━━ Provided information
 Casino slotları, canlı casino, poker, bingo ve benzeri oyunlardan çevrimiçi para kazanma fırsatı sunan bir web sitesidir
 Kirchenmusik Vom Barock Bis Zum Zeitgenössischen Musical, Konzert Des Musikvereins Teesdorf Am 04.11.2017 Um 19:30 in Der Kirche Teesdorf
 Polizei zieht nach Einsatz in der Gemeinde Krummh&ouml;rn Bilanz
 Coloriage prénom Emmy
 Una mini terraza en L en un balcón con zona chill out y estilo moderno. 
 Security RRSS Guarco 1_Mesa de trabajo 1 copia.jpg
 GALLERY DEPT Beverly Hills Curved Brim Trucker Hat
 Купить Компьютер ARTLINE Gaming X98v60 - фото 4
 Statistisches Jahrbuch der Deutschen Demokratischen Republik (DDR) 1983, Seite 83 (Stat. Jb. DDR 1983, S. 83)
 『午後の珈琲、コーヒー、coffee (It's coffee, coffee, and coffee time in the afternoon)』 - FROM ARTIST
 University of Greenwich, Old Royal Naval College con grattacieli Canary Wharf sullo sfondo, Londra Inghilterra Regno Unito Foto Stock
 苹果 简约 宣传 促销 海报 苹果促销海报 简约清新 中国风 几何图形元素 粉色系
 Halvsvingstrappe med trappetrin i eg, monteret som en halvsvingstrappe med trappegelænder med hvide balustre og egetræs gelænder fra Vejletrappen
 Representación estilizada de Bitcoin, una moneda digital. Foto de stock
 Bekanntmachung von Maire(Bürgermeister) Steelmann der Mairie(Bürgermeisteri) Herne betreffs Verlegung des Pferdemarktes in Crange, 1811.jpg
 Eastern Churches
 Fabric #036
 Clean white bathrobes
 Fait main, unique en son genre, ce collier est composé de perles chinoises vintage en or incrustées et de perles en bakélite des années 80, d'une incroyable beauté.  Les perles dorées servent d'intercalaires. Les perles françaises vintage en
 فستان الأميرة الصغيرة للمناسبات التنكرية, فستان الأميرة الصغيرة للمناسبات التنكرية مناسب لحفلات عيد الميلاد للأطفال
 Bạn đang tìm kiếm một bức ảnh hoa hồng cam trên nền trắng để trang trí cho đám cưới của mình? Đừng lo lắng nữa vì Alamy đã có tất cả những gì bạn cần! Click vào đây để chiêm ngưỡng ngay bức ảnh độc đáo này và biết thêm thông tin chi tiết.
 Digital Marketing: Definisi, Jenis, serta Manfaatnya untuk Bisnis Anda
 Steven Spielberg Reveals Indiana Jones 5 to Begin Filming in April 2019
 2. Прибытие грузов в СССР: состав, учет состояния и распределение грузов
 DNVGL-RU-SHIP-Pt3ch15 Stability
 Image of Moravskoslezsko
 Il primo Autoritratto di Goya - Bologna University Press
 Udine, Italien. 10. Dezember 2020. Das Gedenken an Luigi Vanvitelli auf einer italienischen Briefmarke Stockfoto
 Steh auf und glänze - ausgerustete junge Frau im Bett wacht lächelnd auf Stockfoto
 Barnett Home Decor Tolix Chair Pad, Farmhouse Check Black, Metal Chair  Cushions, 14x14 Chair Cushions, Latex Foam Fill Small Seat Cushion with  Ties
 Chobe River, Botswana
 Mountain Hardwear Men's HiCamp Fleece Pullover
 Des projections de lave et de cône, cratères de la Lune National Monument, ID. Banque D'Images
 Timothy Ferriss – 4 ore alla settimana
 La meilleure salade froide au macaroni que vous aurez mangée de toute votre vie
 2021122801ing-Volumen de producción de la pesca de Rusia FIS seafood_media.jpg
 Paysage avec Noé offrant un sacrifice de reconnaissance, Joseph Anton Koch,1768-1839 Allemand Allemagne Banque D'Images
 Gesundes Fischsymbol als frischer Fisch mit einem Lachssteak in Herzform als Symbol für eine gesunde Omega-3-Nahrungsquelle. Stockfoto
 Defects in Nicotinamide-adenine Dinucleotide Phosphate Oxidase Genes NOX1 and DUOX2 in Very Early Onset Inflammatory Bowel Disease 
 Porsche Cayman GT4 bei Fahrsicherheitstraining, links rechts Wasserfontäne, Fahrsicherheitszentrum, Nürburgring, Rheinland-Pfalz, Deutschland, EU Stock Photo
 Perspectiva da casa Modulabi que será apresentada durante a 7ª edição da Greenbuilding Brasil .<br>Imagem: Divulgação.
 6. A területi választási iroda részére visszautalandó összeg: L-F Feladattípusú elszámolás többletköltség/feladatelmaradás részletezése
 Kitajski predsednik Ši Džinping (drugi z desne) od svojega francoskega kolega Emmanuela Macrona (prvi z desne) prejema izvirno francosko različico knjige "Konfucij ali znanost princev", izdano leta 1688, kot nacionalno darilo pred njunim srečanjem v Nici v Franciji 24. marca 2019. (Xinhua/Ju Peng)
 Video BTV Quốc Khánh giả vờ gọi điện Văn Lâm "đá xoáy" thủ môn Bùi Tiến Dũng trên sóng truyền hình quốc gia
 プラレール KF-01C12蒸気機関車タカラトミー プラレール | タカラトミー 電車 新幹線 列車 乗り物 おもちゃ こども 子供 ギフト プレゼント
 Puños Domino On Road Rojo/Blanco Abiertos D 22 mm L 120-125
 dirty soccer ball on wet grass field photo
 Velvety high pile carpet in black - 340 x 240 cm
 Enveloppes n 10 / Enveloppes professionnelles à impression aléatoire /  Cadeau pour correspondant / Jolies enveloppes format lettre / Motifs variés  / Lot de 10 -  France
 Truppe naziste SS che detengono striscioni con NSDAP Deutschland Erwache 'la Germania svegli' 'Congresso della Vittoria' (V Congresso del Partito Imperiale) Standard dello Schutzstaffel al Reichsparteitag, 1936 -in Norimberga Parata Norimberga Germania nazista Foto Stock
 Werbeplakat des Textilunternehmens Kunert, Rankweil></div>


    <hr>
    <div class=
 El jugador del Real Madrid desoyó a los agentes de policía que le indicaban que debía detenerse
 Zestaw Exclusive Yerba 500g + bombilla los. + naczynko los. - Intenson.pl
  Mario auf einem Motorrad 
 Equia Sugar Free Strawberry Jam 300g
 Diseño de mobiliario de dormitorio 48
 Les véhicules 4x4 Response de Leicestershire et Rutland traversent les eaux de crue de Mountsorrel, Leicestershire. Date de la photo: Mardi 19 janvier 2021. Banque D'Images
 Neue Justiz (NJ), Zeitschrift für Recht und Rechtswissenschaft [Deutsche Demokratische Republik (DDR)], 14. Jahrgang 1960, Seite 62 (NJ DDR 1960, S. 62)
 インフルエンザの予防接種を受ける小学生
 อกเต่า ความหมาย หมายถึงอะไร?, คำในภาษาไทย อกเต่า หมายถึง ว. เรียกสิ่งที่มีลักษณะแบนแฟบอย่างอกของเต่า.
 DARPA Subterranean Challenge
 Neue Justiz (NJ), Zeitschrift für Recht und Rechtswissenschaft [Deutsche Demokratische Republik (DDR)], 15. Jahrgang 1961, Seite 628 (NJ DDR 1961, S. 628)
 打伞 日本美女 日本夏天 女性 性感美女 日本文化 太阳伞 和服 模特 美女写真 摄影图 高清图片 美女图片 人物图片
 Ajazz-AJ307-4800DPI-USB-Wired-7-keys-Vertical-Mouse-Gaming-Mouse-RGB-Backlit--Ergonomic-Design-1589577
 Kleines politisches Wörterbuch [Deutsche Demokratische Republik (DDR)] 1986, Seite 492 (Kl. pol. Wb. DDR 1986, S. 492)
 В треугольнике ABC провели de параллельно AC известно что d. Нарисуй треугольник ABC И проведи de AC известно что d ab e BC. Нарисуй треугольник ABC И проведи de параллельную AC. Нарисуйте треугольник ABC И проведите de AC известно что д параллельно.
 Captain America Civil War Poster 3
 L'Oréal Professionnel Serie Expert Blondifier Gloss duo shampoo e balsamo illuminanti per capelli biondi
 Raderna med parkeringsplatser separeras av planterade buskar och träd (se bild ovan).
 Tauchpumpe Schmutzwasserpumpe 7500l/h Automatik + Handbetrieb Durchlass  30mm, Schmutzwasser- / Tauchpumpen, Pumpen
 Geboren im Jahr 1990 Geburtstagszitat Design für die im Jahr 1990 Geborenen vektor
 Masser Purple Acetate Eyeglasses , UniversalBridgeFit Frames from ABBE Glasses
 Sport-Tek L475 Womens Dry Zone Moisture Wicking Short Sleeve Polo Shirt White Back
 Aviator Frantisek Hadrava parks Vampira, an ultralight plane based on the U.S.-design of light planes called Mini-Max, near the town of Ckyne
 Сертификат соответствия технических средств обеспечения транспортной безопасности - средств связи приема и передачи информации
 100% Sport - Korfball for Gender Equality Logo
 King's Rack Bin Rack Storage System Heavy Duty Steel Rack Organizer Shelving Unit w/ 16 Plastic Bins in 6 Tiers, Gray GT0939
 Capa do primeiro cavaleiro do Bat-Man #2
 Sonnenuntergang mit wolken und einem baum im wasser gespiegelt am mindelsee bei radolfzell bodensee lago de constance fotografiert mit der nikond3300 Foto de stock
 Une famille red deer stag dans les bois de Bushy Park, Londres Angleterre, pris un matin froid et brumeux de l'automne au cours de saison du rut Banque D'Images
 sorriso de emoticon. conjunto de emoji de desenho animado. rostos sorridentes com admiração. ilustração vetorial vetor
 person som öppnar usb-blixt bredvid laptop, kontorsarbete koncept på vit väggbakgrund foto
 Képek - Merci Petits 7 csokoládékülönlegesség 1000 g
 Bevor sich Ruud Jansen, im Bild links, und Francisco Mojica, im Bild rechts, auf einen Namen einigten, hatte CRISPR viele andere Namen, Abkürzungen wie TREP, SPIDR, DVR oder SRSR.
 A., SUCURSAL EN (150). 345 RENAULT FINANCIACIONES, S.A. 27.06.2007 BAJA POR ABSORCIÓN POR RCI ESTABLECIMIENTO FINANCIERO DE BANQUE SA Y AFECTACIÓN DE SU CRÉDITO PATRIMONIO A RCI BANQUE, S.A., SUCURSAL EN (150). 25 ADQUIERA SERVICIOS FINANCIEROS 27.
━━━━
Find and copy every line in the entries above where the string "Stockfoto" occurs.

__Written response__.
 Udine, Italien. 10. Dezember 2020. Das Gedenken an Luigi Vanvitelli auf einer italienischen Briefmarke Stockfoto
 Steh auf und glänze - ausgerustete junge Frau im Bett wacht lächelnd auf Stockfoto
 Gesundes Fischsymbol als frischer Fisch mit einem Lachssteak in Herzform als Symbol für eine gesunde Omega-3-Nahrungsquelle. Stockfoto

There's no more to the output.